Plaque stabilizing and destabilizing effects in atherosclerosis: the role of microvessels, macrophage metabolism and fibroblasts

Cardiovascular disease is a major global health concern, leading to significant morbidity and mortality. Atherosclerosis, a chronic inflammatory disease, is a key driver of many cardiovascular diseases. Atherosclerosis causes the buildup of fatty deposits, also called plaques, in arteries. Destabilization and subsequent rupture of plaques can trigger serious events such as heart attack and stroke. This thesis explored potential regulators of atherosclerotic plaque stability, focusing on microvessels, macrophage metabolism and fibroblasts. Firstly, the effect of modification of the PDGF-B protein on atherosclerotic microvessel leakage and plaque stability was studied. Although atherosclerotic microvessels were unaffected, the modification showed dual effects as it enhanced plaque stability, while also stimulating an inflammatory response in the blood.

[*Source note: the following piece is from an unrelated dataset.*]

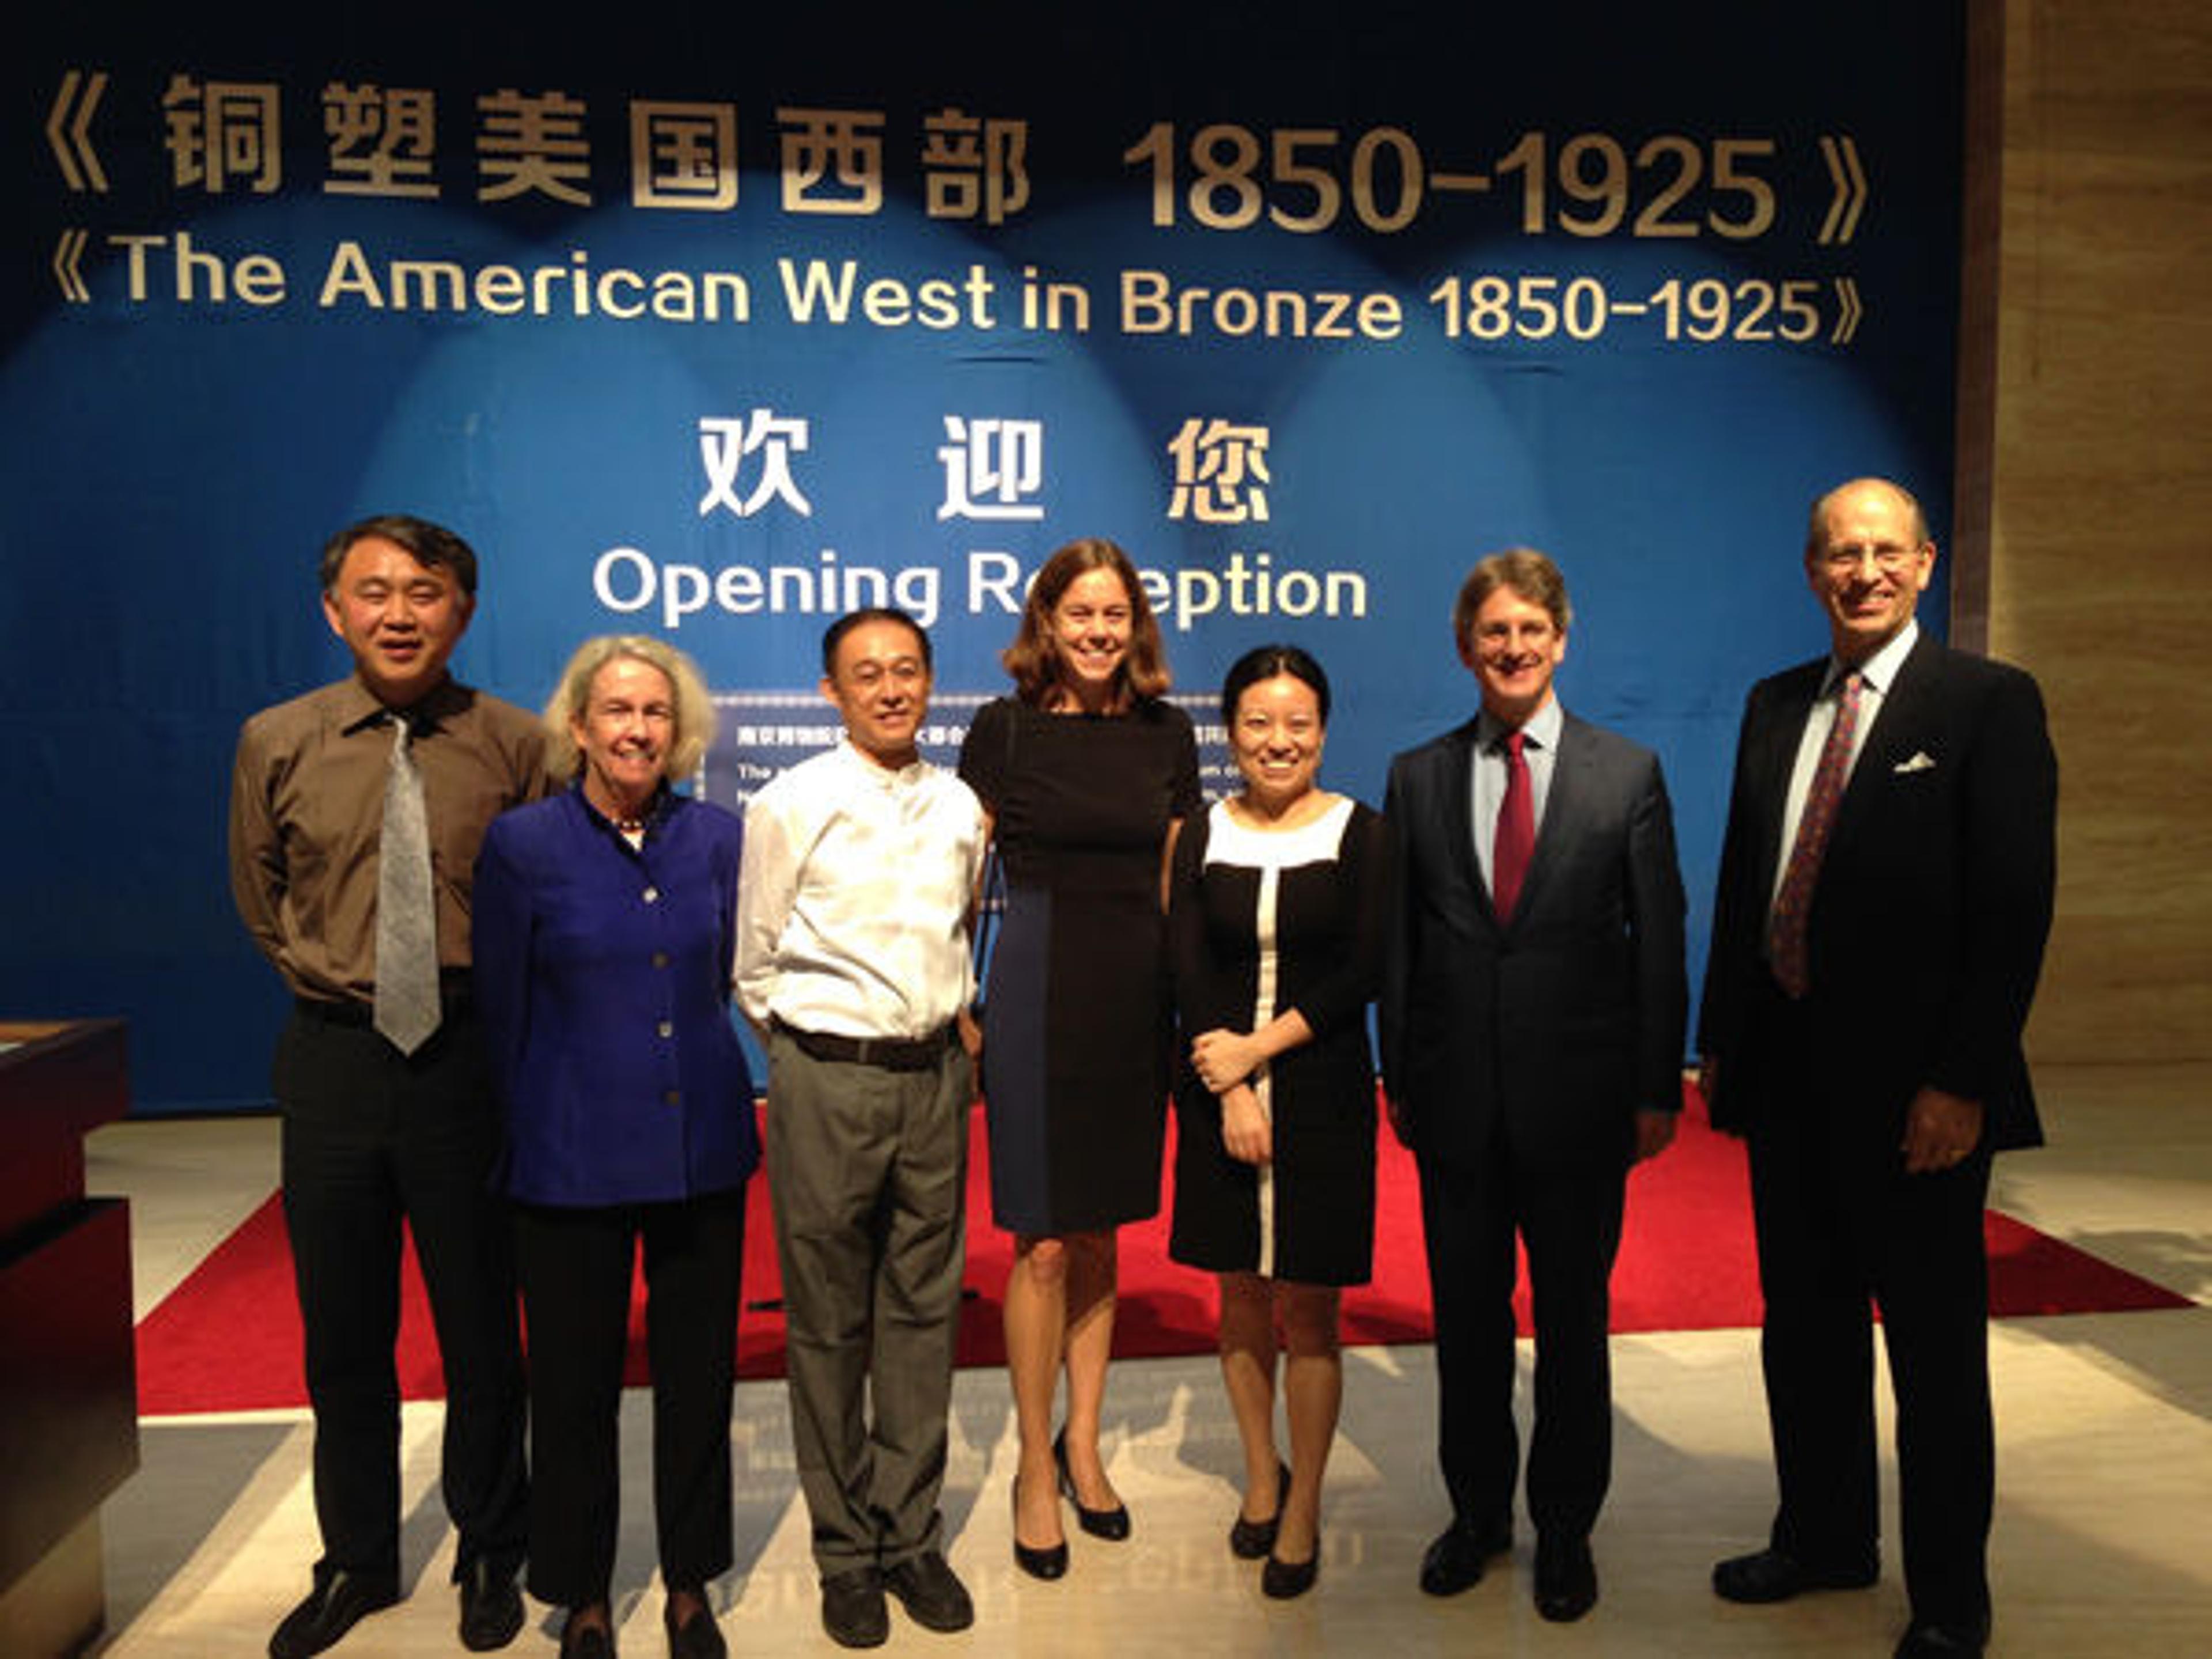 Left to right: Wang Qizhi, Vice Director, Nanjing Museum; Jennifer Russell, Associate Director for Exhibitions, MMA; Chen Tongle, Head of Exhibitions, Nanjing Museum; Thayer Tolles, Marica F. Vilcek Curator of American Paintings and Sculpture, MMA; Heng Wu, Deputy Director of Cultural Exchange Centre, Nanjing Museum; Thomas P. Campbell, Director, MMA; Maxwell Hearn, Douglas Dillon Chairman of Asian Art, MMA

Additionally, this thesis showed that inhibition of a glycolytic enzyme in macrophages did not affect plaque stability, but led to fatty liver disease instead. Lastly, the role of fibroblasts was explored, revealing their diversity, cell-specific markers and potential function in atherosclerosis. Hereby, this thesis identified new leverage points for future treatment development for atherosclerosis and fatty liver disease, which require further investigation.